Полдень XXI век 2009 № 04 - Самуил Лурье 9 стр.


— Ты знаешь Иону? — удивился капитан. Но потом вспомнил, что корабелов в тот день не было, и вообще, некому теперь рассказывать историю, жена и сын давно в земле. Оспа.

Пассажир нехорошо усмехнулся, как бывает, усмехаются на рынке менялы — и безоружен я, но вот где ты у меня, в кулаке. Клеон сделал «рожки» от сглаза и приказал править на косой ясень.

Ещё до полуночи Лонгин вывел на берег коня. Как он помнил, дорога должна была проходить близко от рыбачьей деревни, и он двинул туда. Рядом с моряками теперь было опасно.

Первым делом путник удивился дорожным плитам. Настоящее, добротное мощение. Теперь это была не извилистая сельская дорога, которую он помнил, — почти что тропа, — но широкий, проторенный путь. Лонгин видел, что сюда вбили много подневольного труда — засыпали овраги, подравняли ближнюю горку. Он опасался разбойников и потому взял в порту лучшего коня, был готов просто ускакать от лихих людей. Но здесь этого не требовалось. Навстречу то и дело шли обозы телег, у которых на оглоблях болтались маленькие фонарики, изредка у обочины можно было увидеть караулку.

Дорога не спала, хотя до столицы было верных три дня пути.

Лонгин поздравил себя с удачным выбором места высадки. Не стал гнать коня и ехал с таким расчетом, чтобы оказаться в Толке к утру.

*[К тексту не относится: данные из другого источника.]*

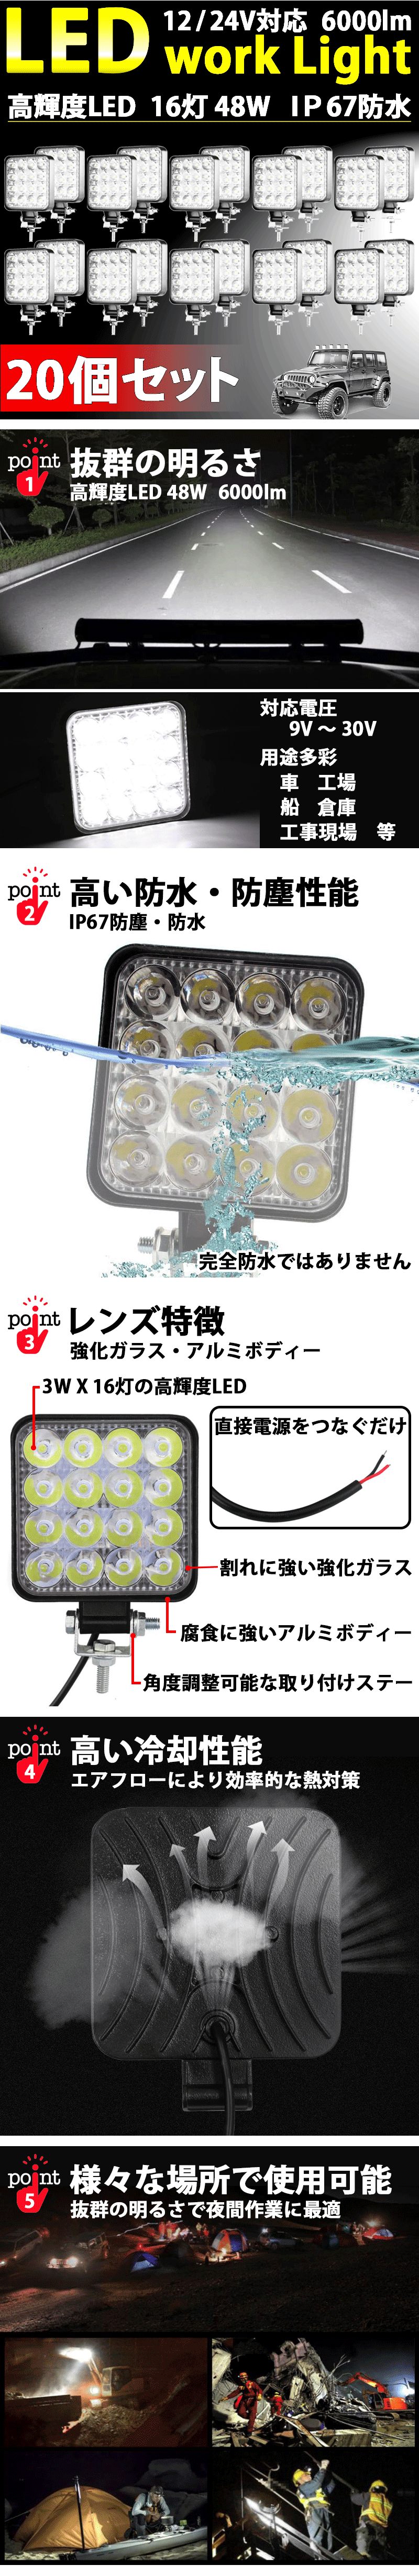 LED作業灯20個セット_1

Когда меньше двух месяцев назад его разыскали в камышах, он уже давно сбился с точного счета времени. Не видел человеческих лиц, кроме редких торговцев и странников, почти таких же нищих, как он сам. От них ничего толком нельзя было узнать. Всё, на чем он записывал свои мысли, — сгнивало меньше чем за год, и приходилось раз за разом обновлять тексты. Если бы не памятные камни, которые постоянно были у его постели, — сошёл бы с ума. Лонгин оброс хуже кабана, забыл, что такое терма и приличное общество. Хорошо хоть не разучился жарить уток. И уходить в атараксию — десятую часть суток надо было провести в медитации, иначе бы раки обглодали его скелет еще столетие назад.

Чиновник — нервный, трусливый тип, наверняка последний человек в муниципалитете ближайшего городка, — стал для Лонгина избавителем. «Император впал в детство». От этой новости государство затряслось не слабее, чем от лихорадки. Лонгин хотел узнать, кто его вызвал, — однако новое имя ничего ему не сказало. Просто кто-то из наследников первой очереди. Спросил, жив ли еще кто-то из рода Маммерков. Чиновник ожидал такого вопроса и выдал ему список живущих. Лонгин ткнул пальцем в имя первого попавшегося совершеннолетнего и вроде бы еще не старого человека. Сказал, чтобы тот ждал его в Толке. Взял кошелёк с «подъёмными» и растворился в камышах.

Старый приказ «Убить мнемокогнитора, буде покажется в прямой видимости», который дали по всем окрестным городам ещё в самом начале ссылки, — не пугал Лонгина. Про приказ этот старый, поди, все уже и забыли. Кто будет высматривать среди путников человека, описание которого учил еще дед, потом отец, да оно так ни разу и не понадобилось? Па дорогах и сельских тропах его ловить не будут. А путешественник, который едет в Столицу по приглашению наследника, почти наверняка не доберется до места.

Слишком много наследников накопилось за годы правления обожаемого Потита.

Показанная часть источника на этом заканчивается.